As I’ve written here before, my relationship with biathlon grew from quadrennial curiosity during the Olympics to full-blown fanatic status about six years ago. Dig down and the timing probably isn’t a coincidence, rooted in foreboding about the winds of change with regard to ESPN’s mission and some sense of my own increasing lack of agency therein. I covered the sports I covered because they were passions, not as assignments or lines on a resume. So, when a job ends after a couple of decades, it’s difficult to disentangle professional from fan identity. I no longer really remembered how to enjoy an NWSL or NCAA basketball game as a fan. Watching now sometimes left me edgy. Fan muscles atrophy. Rehabbing them takes time.
All of which is to say that biathlon, like beach volleyball, was a refuge. A sport I had previously been intrigued by but never (or rarely, in volleyball’s case) covered. Of course, the psychology of it all takes place separate from conscious thought. In real time, it’s just a familiar feeling that draws you in. It’s the routine of competitive sports. The event-to-event, week-to-week routine of a season. Learning the characters—first the names and skill sets, then the histories and personalities, finally the future possibilities.
But without seeing it in person, at least once, there was something missing. I don’t need to be in a packed arena to watch a basketball game. Considering traffic, parking, tickets and the rest, I’d rather watch on television most of the time. But I know what it feels and sounds like in that arena. I know what the game looks like in person. Biathlon remained an entirely virtual viewing experience. I had a sense the Oberg sisters were tall (as it turns out, sort of) and Teraza Vobornikova was a pint-sized dynamo (confirmed), but it was all relative. What did they look like amongst other people? What happened on the course during all that time the cameras focused on the shooting range? How steep were the climbs, really? What did a ragged volley of two dozen .22 rifles sound like echoing off mountains?

This year’s World Cup schedule featured a stop in Soldier Hollow, the first American stop since before the pandemic. And while some of the classic European stops, with packed stadiums and raucous atmospheres, had appeal as an adventure, Utah felt like a more manageable entry level effort. With only minimal equivocating, and likely without the necessary regard to the impracticalities of taking a long weekend in Utah in the middle of the busy season of two jobs, I decided to find out what it felt like in person and booked a flight to Salt Lake City.

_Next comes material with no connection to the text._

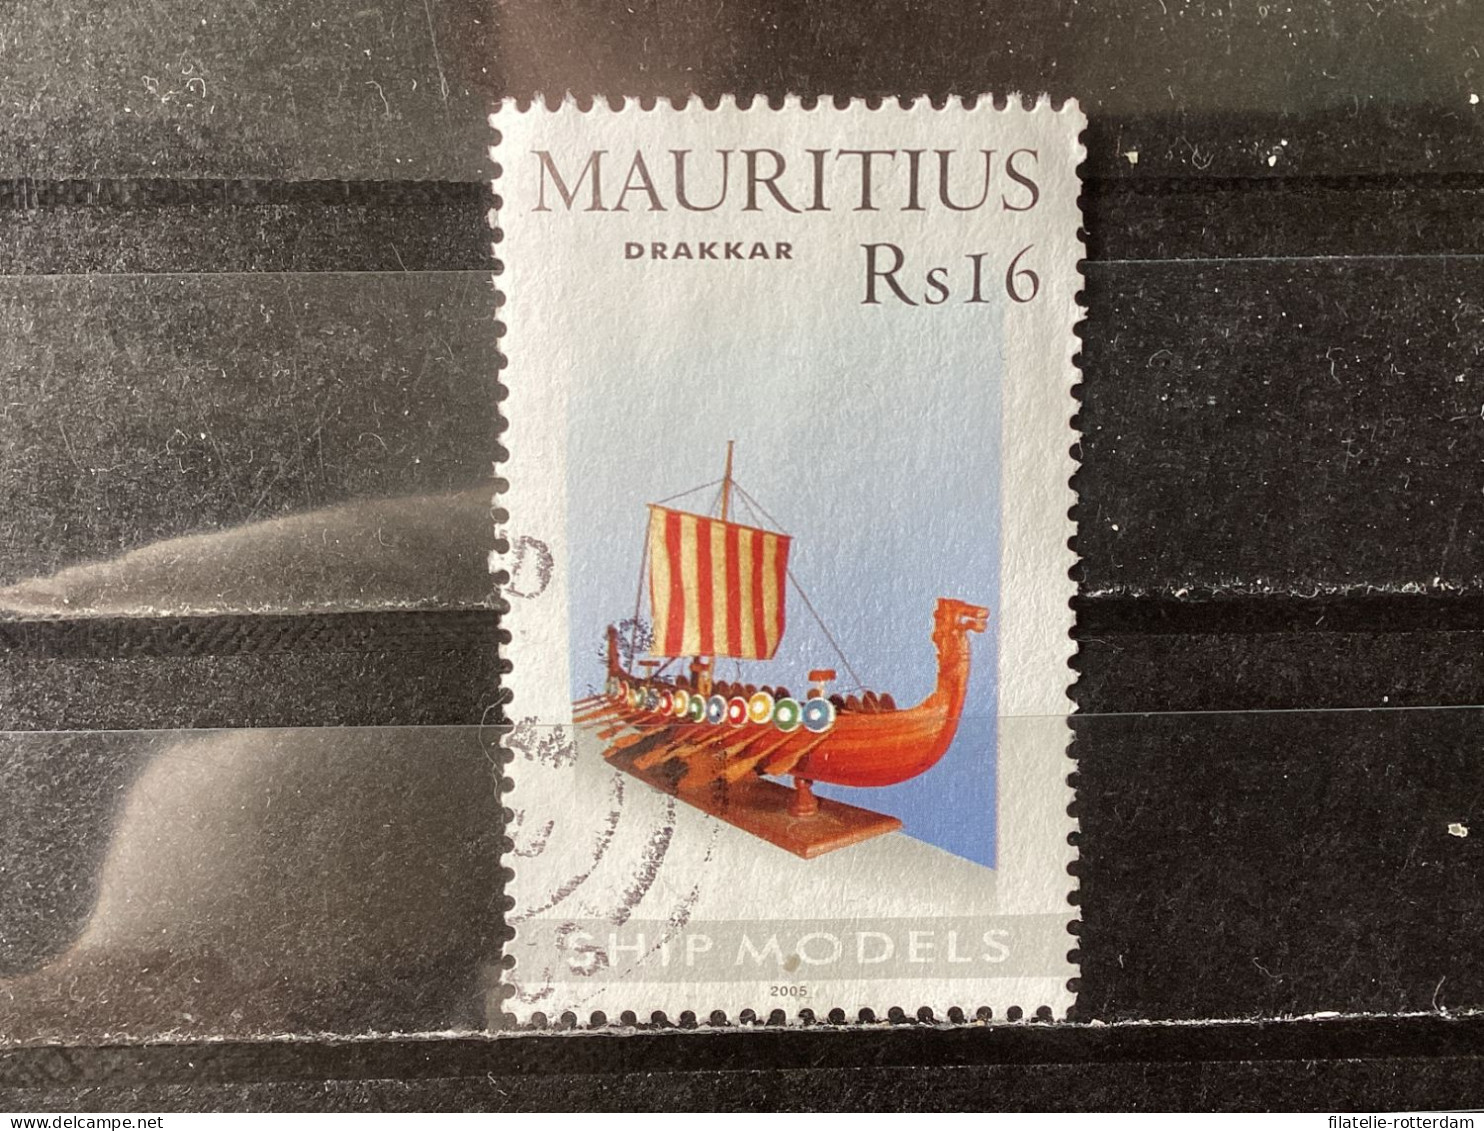 Mauritius - Ship Models (16) 2005 - Maurice (1968-...)

That others might make the same calculations never really crossed my mind. At home, I watch races alone—sometimes wondering if there is literally anyone else in the state of Indiana streaming a particular race from Ostersund, Sweden, or Ruhpolding, Germany. Even after parking, waiting in line for the gates to open and strolling around the course, I unconsciously assumed the people around me must be either locals willing to partake in anything that came to town, especially on a mild, sunny afternoon, or general winter outdoor enthusiasts, taking a break from their own skiing or snowshoeing endeavors. Anything but biathlon junkies.
Then the voice recognized Tomingas, no casual feat without a bib number and with the distinctive Estonian blue racing suit muted by warmup clothes.

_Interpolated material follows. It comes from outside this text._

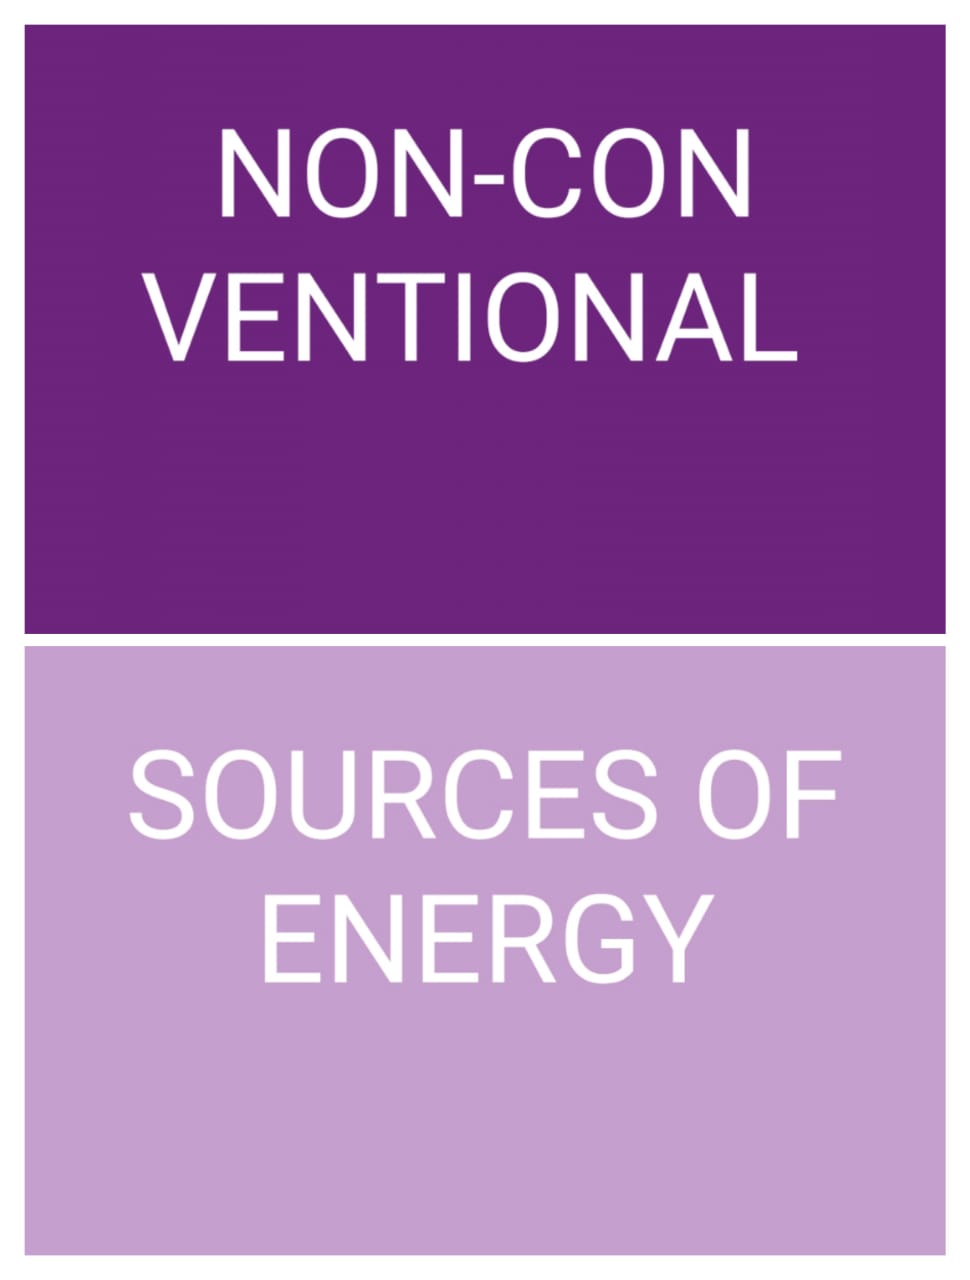 Alternative sources of energy

Then came the cheers for Switzerland’s Lena Hacki-Gross and France’s Lou Jeanmannot, the mellow, tattooed rising star who has brought such good vibes to the intense French camp. They welcomed the Czech Republic’s Marketa Davidova—even if they were too far away to recognize the soft-spoken amateur equestrian’s pink unicorn-decorated rifle (much like Nikola Jokic, it’s never entirely clear if Davidova is happier competing for world championships or spending time with her horses in the offseason).

A few feet up the course from where I stood, a guy about my age and carrying an Italian flag started chatting with an elderly local. The flag-carrying 40-something was from Charlotte, not Cremona. He had started watching biathlon during the Olympics within the past decade and caught the bug. He talked about seeking out the Eurovision and IBU online streams, a routine I know well since NBC dropped the domestic broadcast rights after the 2022 Olympics.

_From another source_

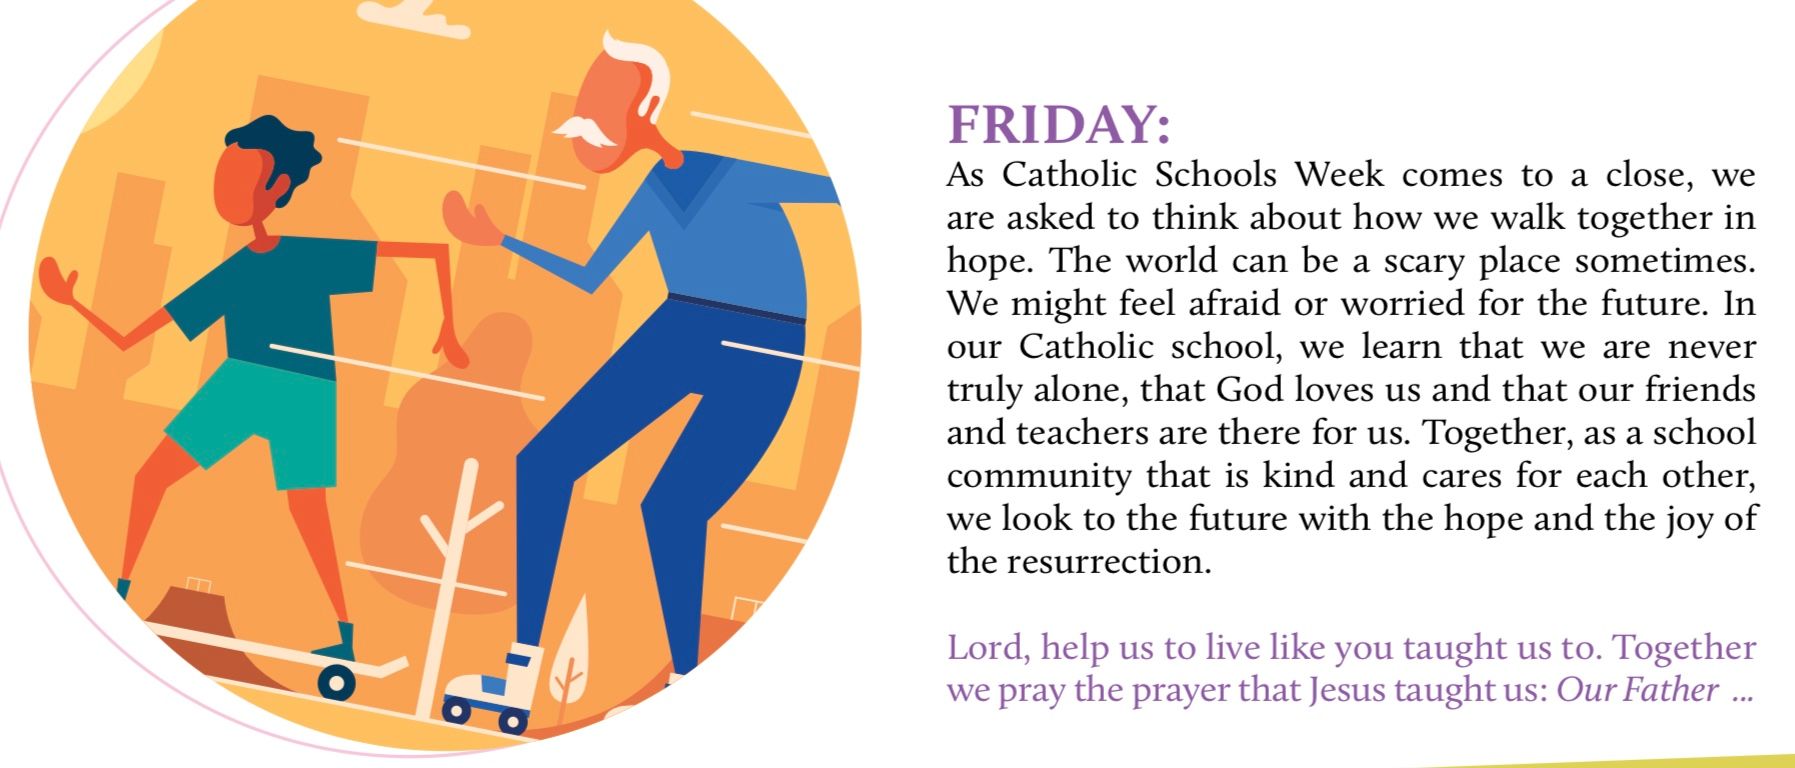 Catholic Schools Week - Friday

He talked about cheering for the Italians, most of all Lisa Vittozzi, partly born of following Vittozzi’s struggles with a career-threatening case of the yips. World-class biathletes routinely hit the target 90 percent of the time or better from the prone position, statistically the easier of the two shooting positions (while the target is smaller, laying prone lends more support to a body exhausted by the lap of skiing just completed). The fastest skiers, those who make the transition from cross-country, might be able to survive at 80 percent. During the worst of her yips, which lasted essentially a full season, Vittozzi would regularly miss three or four of the five targets from the prone position. It was painful to watch.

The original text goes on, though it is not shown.